## Work instructions
From the data below, return only the lines from the one with "Broccoli Download Royalty" through the one with "A secret weighs", exact and inclusive, with pictures left out.

## Information supplied
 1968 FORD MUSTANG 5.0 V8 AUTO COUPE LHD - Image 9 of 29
* * *
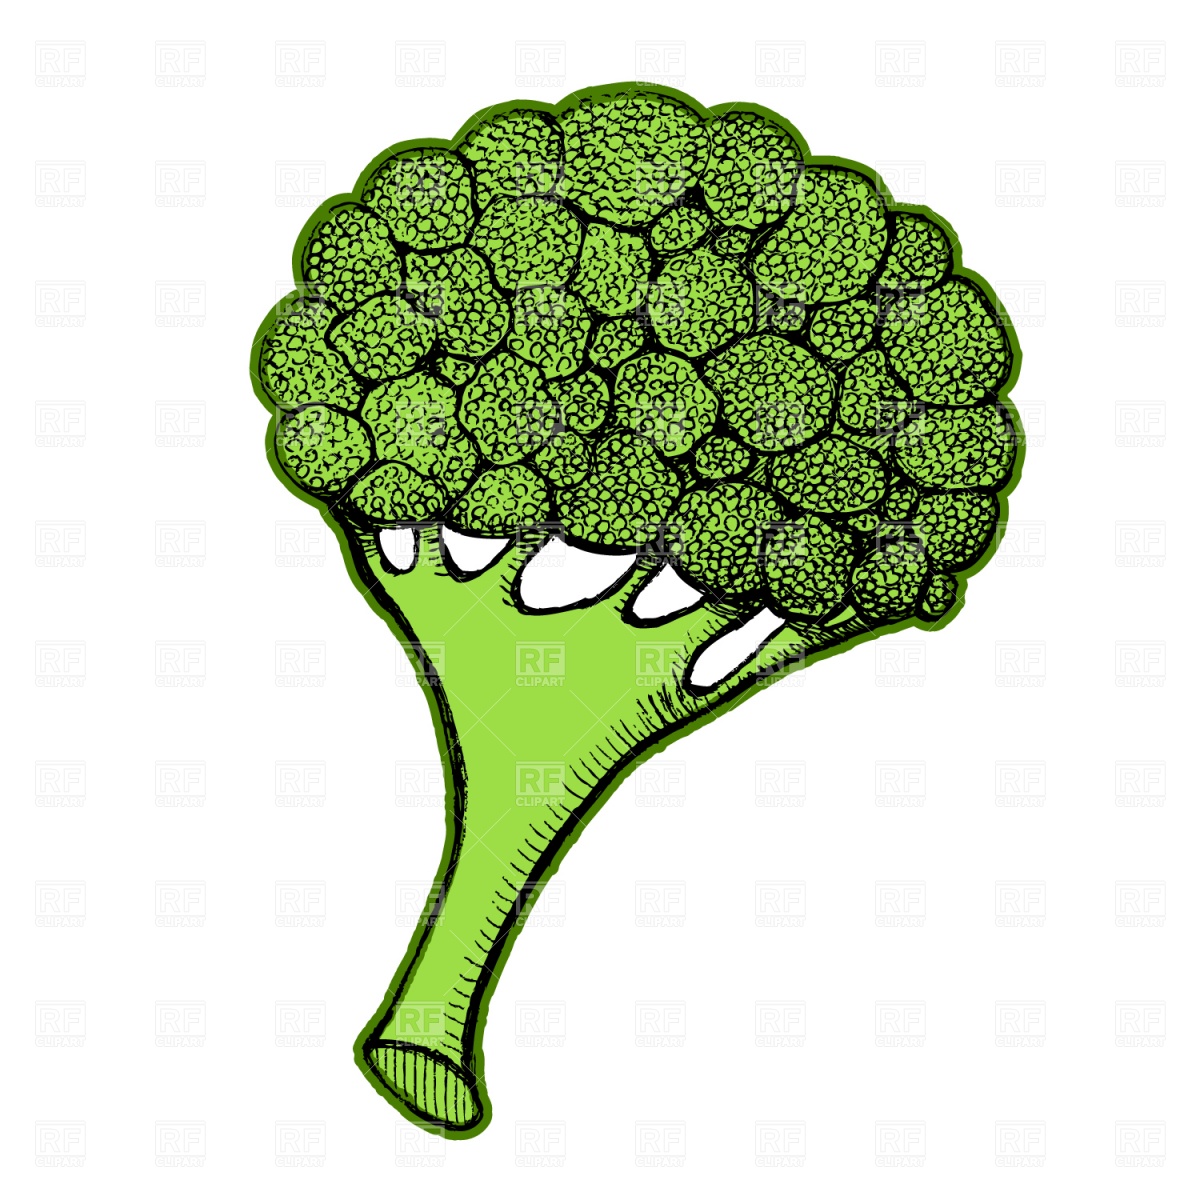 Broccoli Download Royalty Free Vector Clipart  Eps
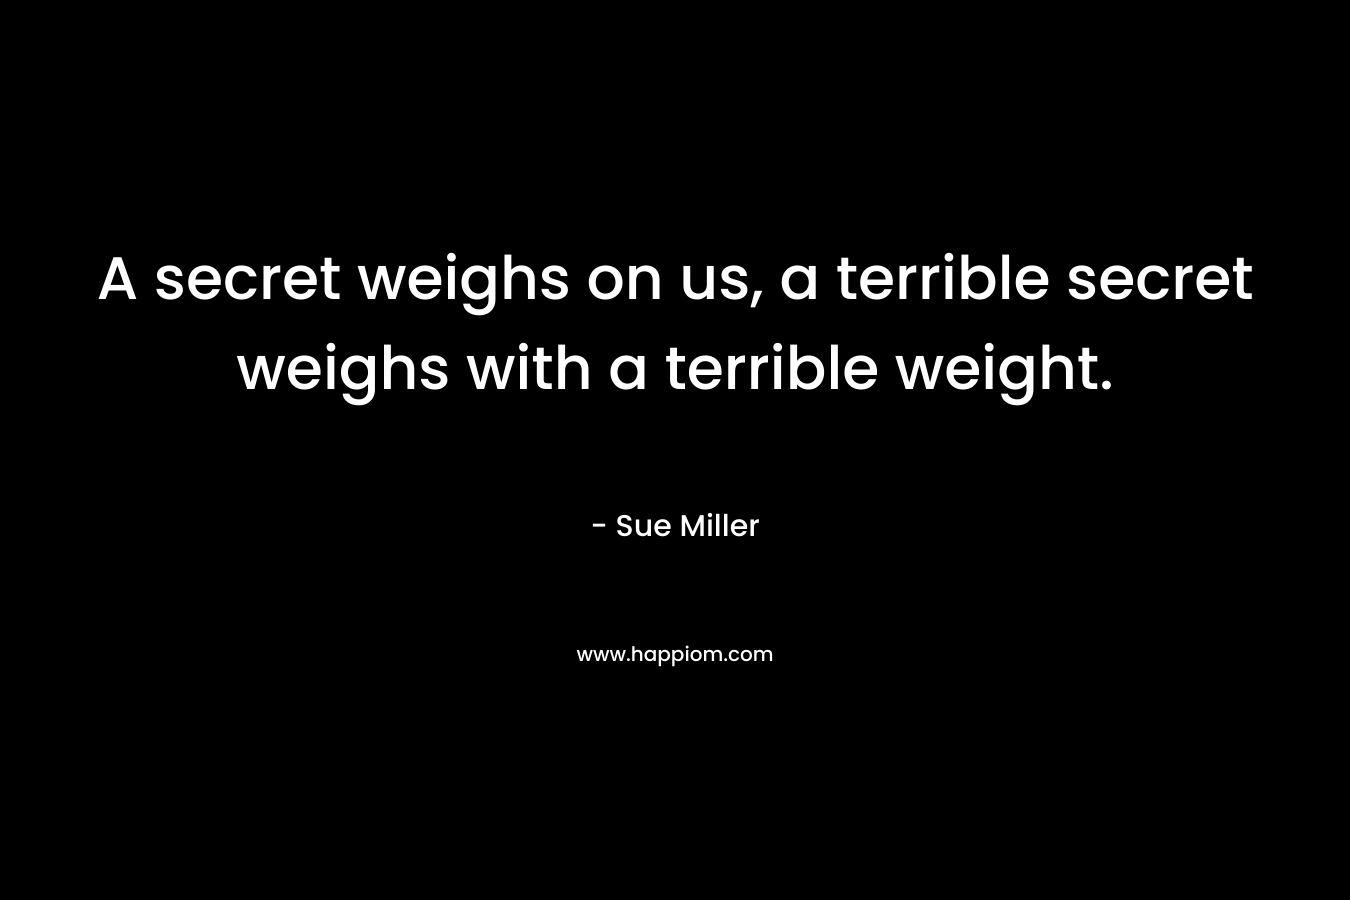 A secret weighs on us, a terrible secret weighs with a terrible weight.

## Written solution
 Broccoli Download Royalty Free Vector Clipart  Eps
 A secret weighs on us, a terrible secret weighs with a terrible weight.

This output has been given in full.